───── Provided material
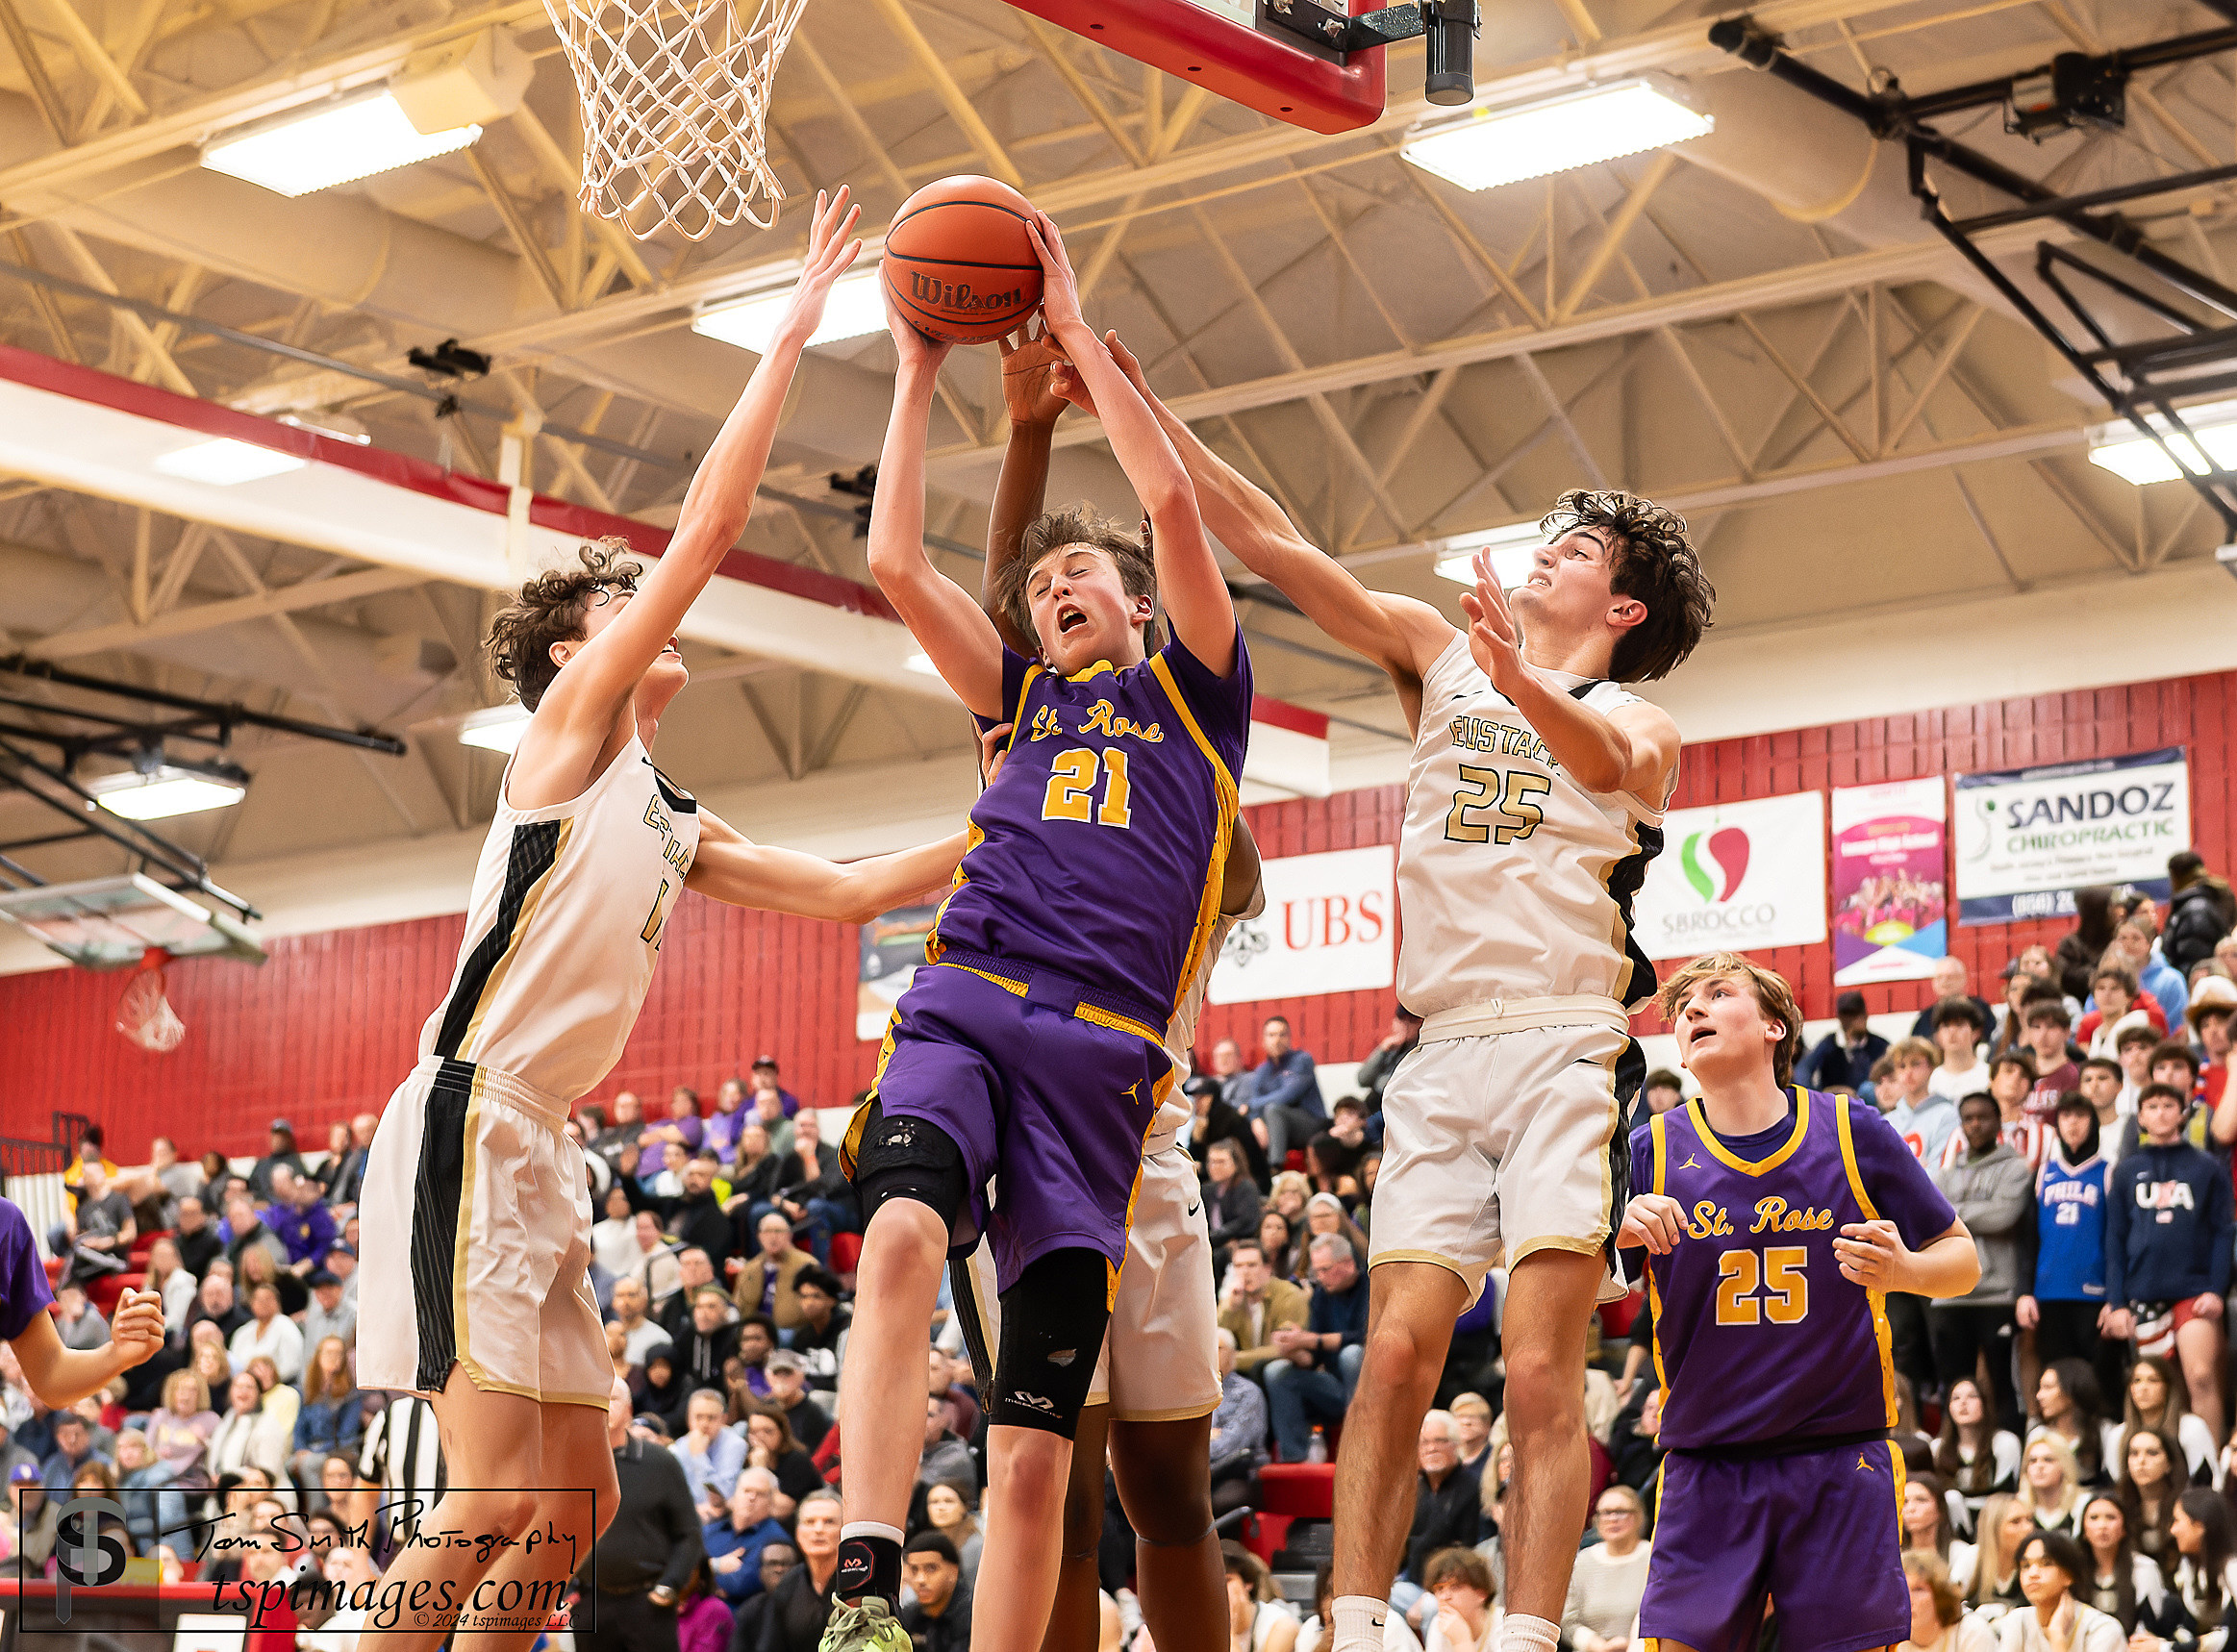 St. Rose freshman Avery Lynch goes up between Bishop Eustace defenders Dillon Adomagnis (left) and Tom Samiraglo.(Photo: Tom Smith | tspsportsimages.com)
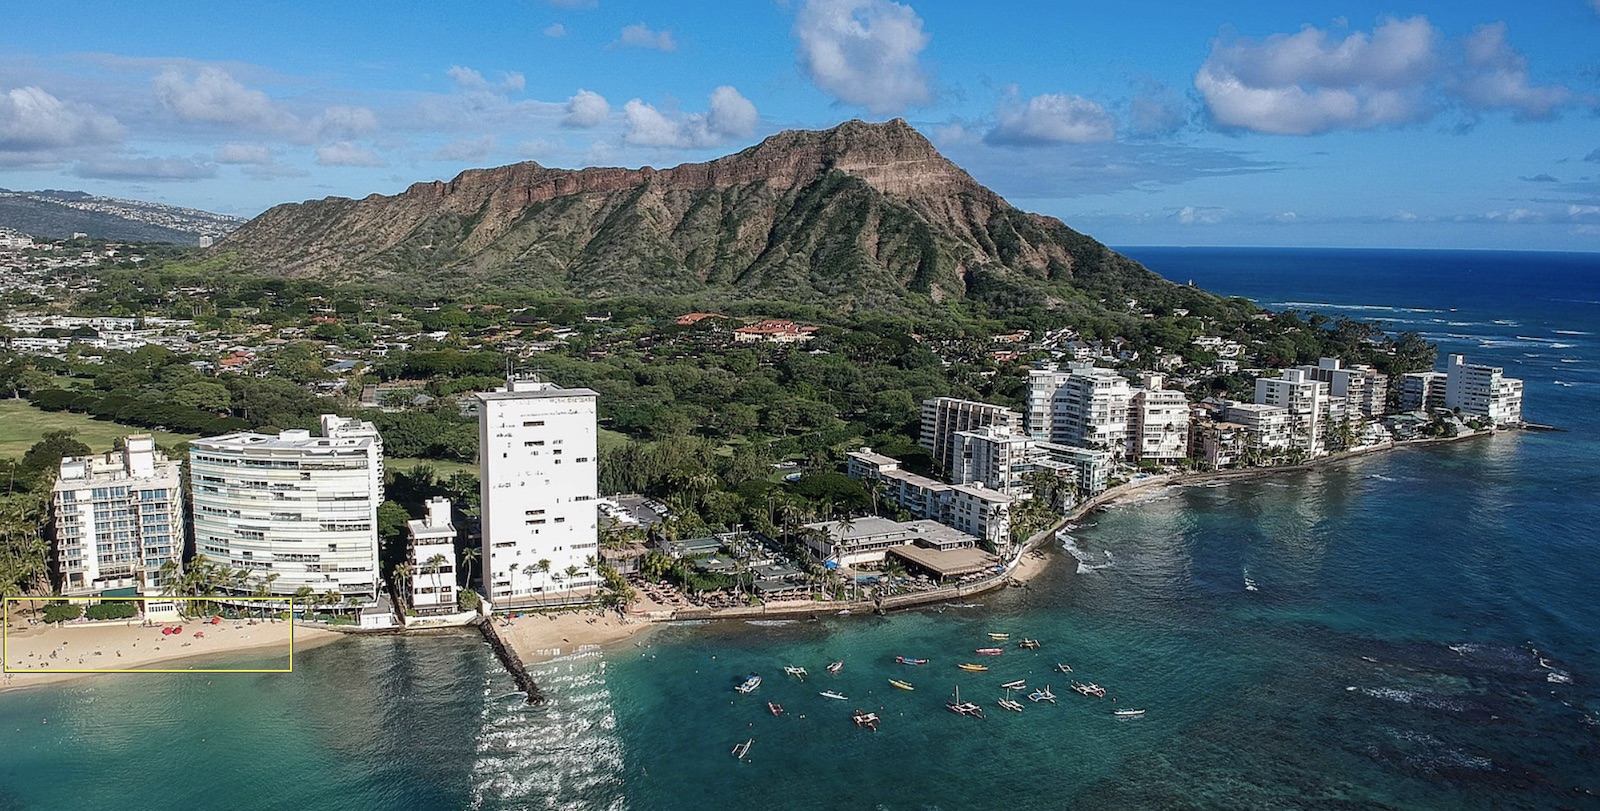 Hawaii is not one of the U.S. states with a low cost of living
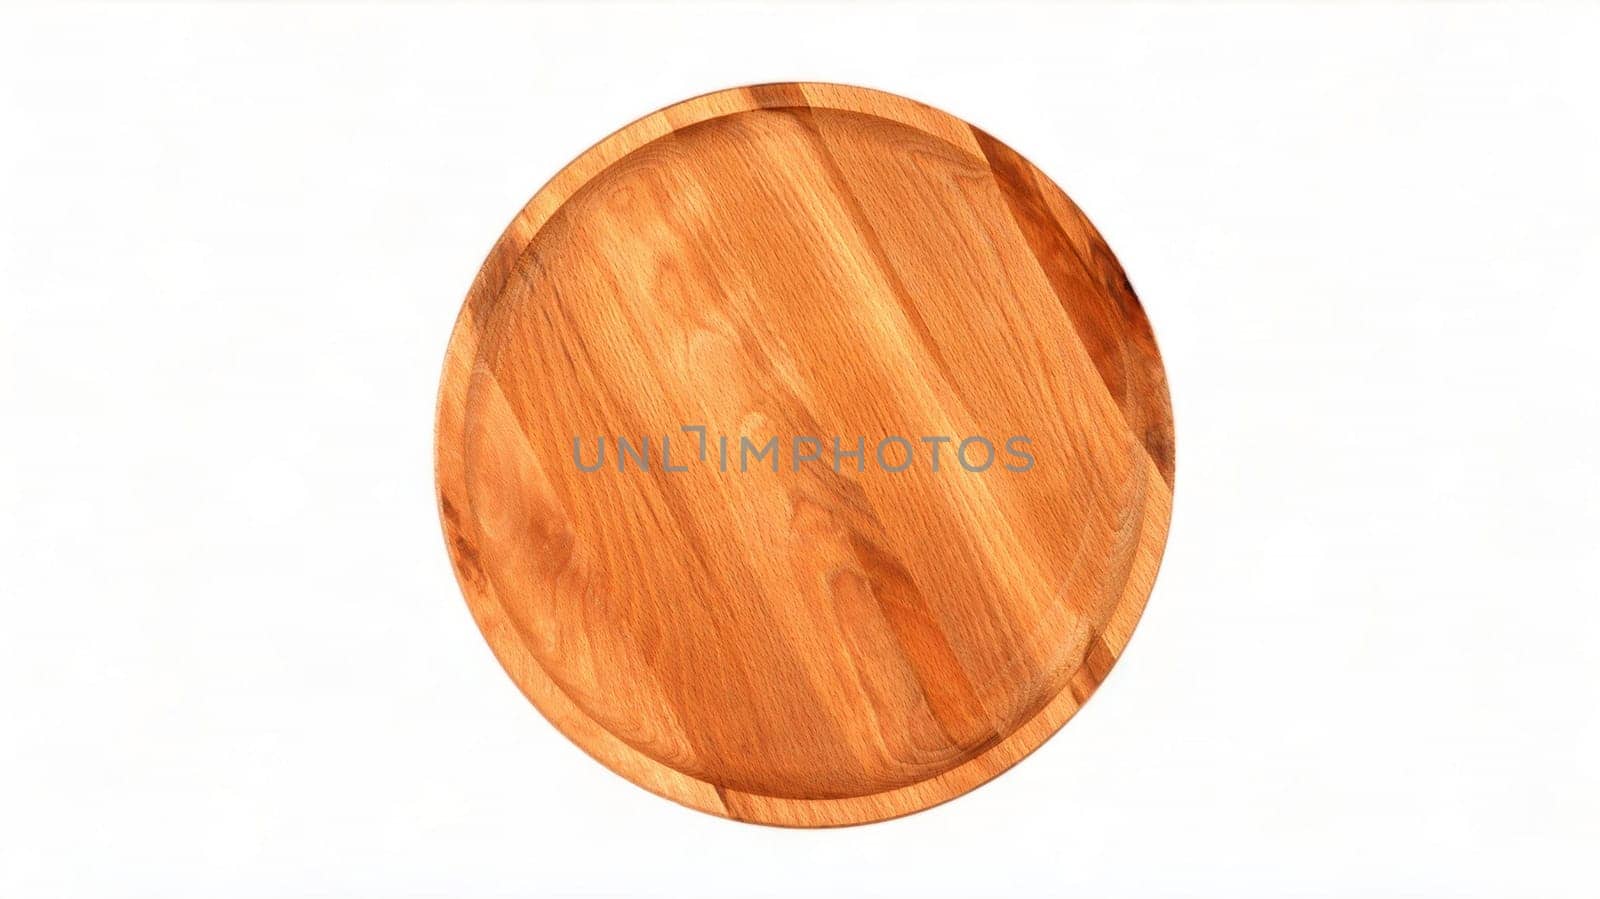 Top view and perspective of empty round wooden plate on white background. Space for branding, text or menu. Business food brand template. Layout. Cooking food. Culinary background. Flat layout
──────────
■ Task to complete: Could you reproduce exactly the lines running from the one with "Hawaii is not" through the final line of the listing above, both included, and drop the pictures?

■ Your response:
 Hawaii is not one of the U.S. states with a low cost of living
 Top view and perspective of empty round wooden plate on white background. Space for branding, text or menu. Business food brand template. Layout. Cooking food. Culinary background. Flat layout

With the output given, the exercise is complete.